People with good aerobic capacity, for a more effective, hyperventilation usually feature a lower rate of heartbeats per minute that people least prepared physically, but a higher level of oxygen saturation. The problem is that the symptoms of the MAM (Evil acute Mountain) are not always visible signs by third parties and people, out of fear or out of pride, often lie about the presence of such symptoms.
That is, it is not the body of a person well prepared physically which is masking the symptoms of MAM, but the very person that masks, conscious and voluntarily, the existence of such symptoms. In addition, present good indices of heartbeats per minute and oxygen saturation doesn’t mean a good acclimatization and such indexes could not be used alone to determine the conditions of acclimatization.

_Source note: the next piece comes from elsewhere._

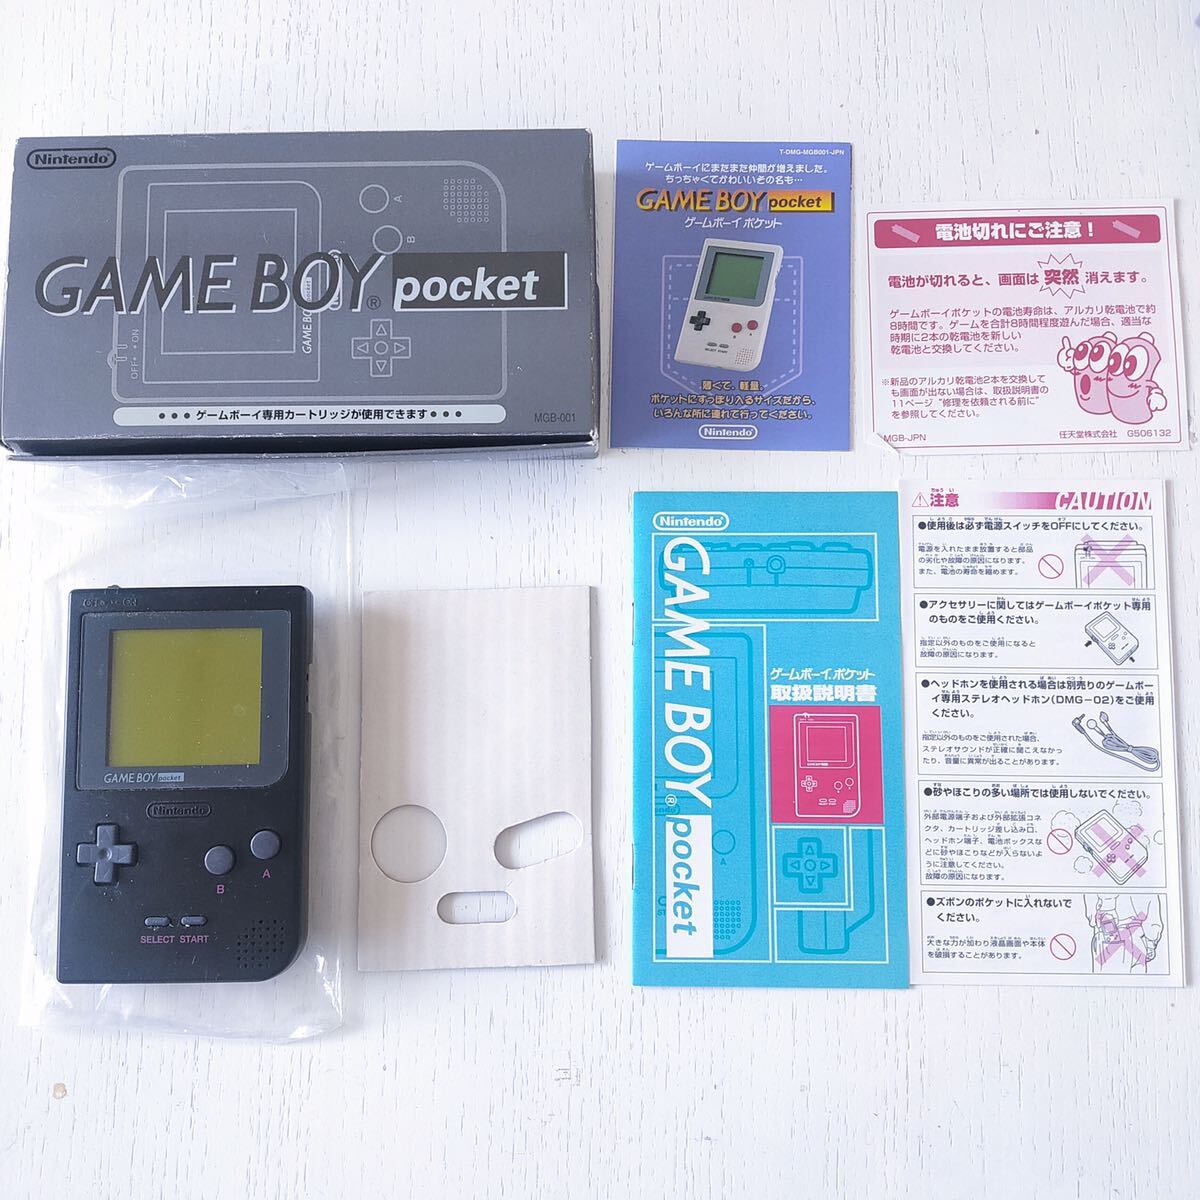  Game Boy карман Nintendo с коробкой черный чёрный цвет корпус Pokemon Pokemon карта Pocket Monster 
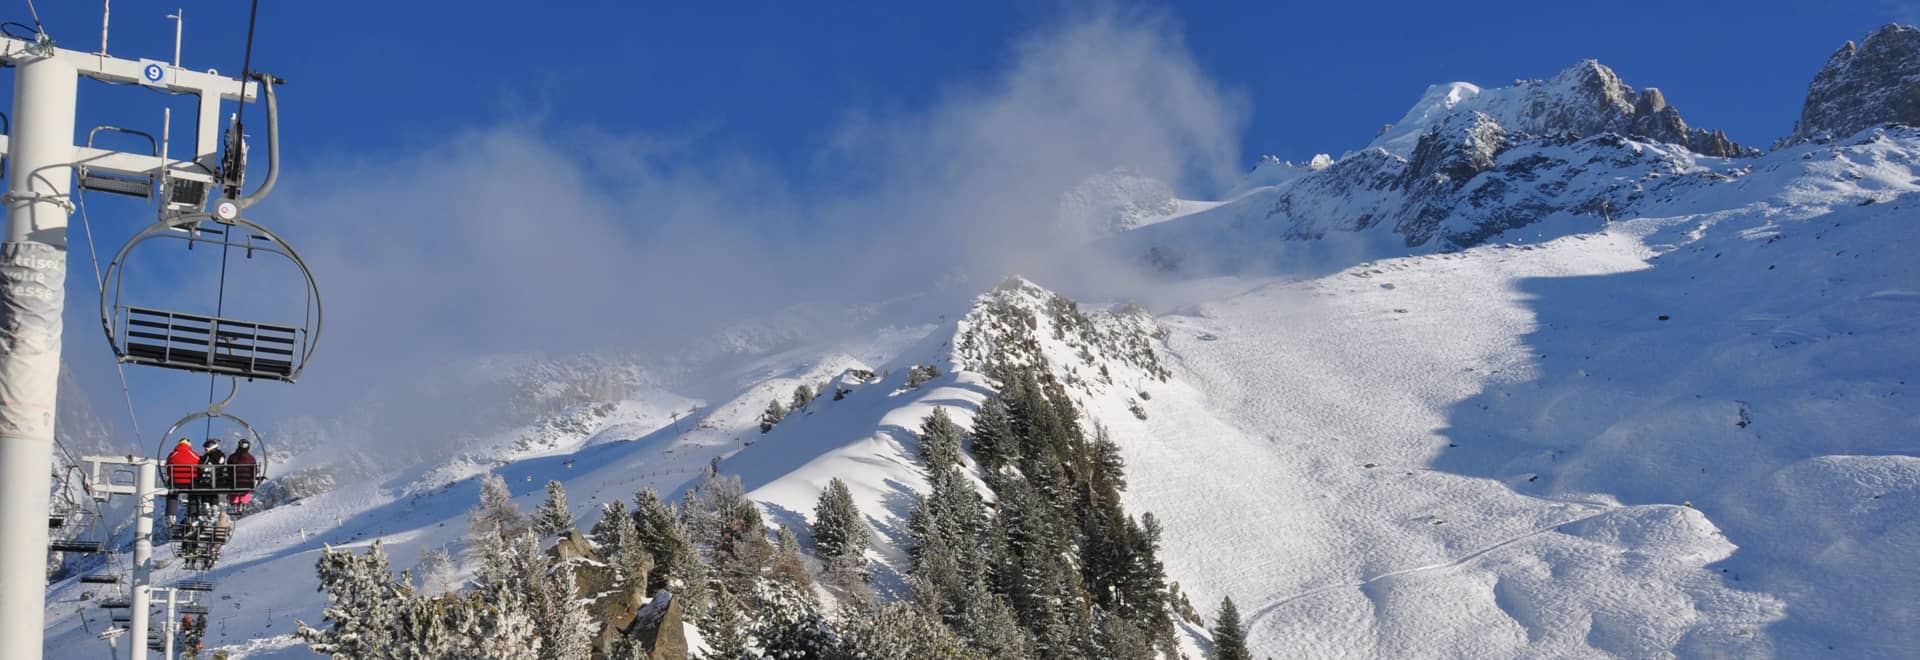 Location Ski Intersport Argentière Chamonix

Hyperventilation presents some disadvantages, such as greater energy expenditure and loss of heat and water by the body, since the air is cold mountain-inspired dry and must be heated and humidified.Hyperventilation is also one of the main causes of cough in altitude, because the cold and dry air tends to irritate the Airways.
The main problem of hyperventilation, however, is that causes a disorder in regulating breathing due to the marked decrease in CO2 levels in the body. In the alveoli, the sum of the pressures of oxygen and carbon dioxide is constant. Thus, a forced expiration, eliminating a greater amount of CO2, allows to penetrate a greater quantity of oxygen. However, oxygen and CO2 Act as stimulants of respiratory regulation in normal conditions.
The lack of oxygen (hypoxia) and the increase of CO2 (hypercapnia) are stimuli for breathing. Already the decrease of CO2 (hypocapnia) inhibits breathing. Hyperventilation produces an excessive CO2 elimination, leading to hypocapnia situation that conflicts with the stimulation of oxygen, inhibiting the respiratory control centers. CO2 is an acid molecule and hypocapnia also produces a source respiratory alkalosis.
Such respiratory conflict at the beginning of the period of altitude exposure can lead to difficulty of acclimatization. That’s why I have good aerobic capacity, and consequently a good hyperventilation, does not imply good acclimatization (which means “mask” the symptoms of MAM, we insist). A good acclimatization, usually is accompanied by chemical adaptations the organism, as the correction of respiratory alkalosis by bicarbonate disposal by the kidneys.
People with difficulty of acclimation, often resort to the use of acetazolamide, best known for your trade name, Diamox.
The acetazolamide is a medication of the family of the “neonatal oxygen” and one of the few that offers significant results and scientifically proven to minimize problems in altitude or facilitate the process of acclimatization.
However, the explanation usually presented for the effects of acetazolamide in the body de-emphasizes the properties that make it really effective. It is common to read or listen to arguments like Diamox, being a diuretic, helps eliminate the fluids of the body which could accumulate in the lungs or the brain, leading to edema. This argument is almost another myth about acclimation.
Despite the acetazolamide be, in fact, a diuretic drug, its effects diuretics in the body are not as relevant in the process of acclimatization to the altitude.
The efficacy of acetazolamide is in your ability to fix respiratory alkalosis was produced by hyperventilation, in the early stages of exposure to altitude, facilitating the process of acclimatization to improve the level of oxygenation of the body.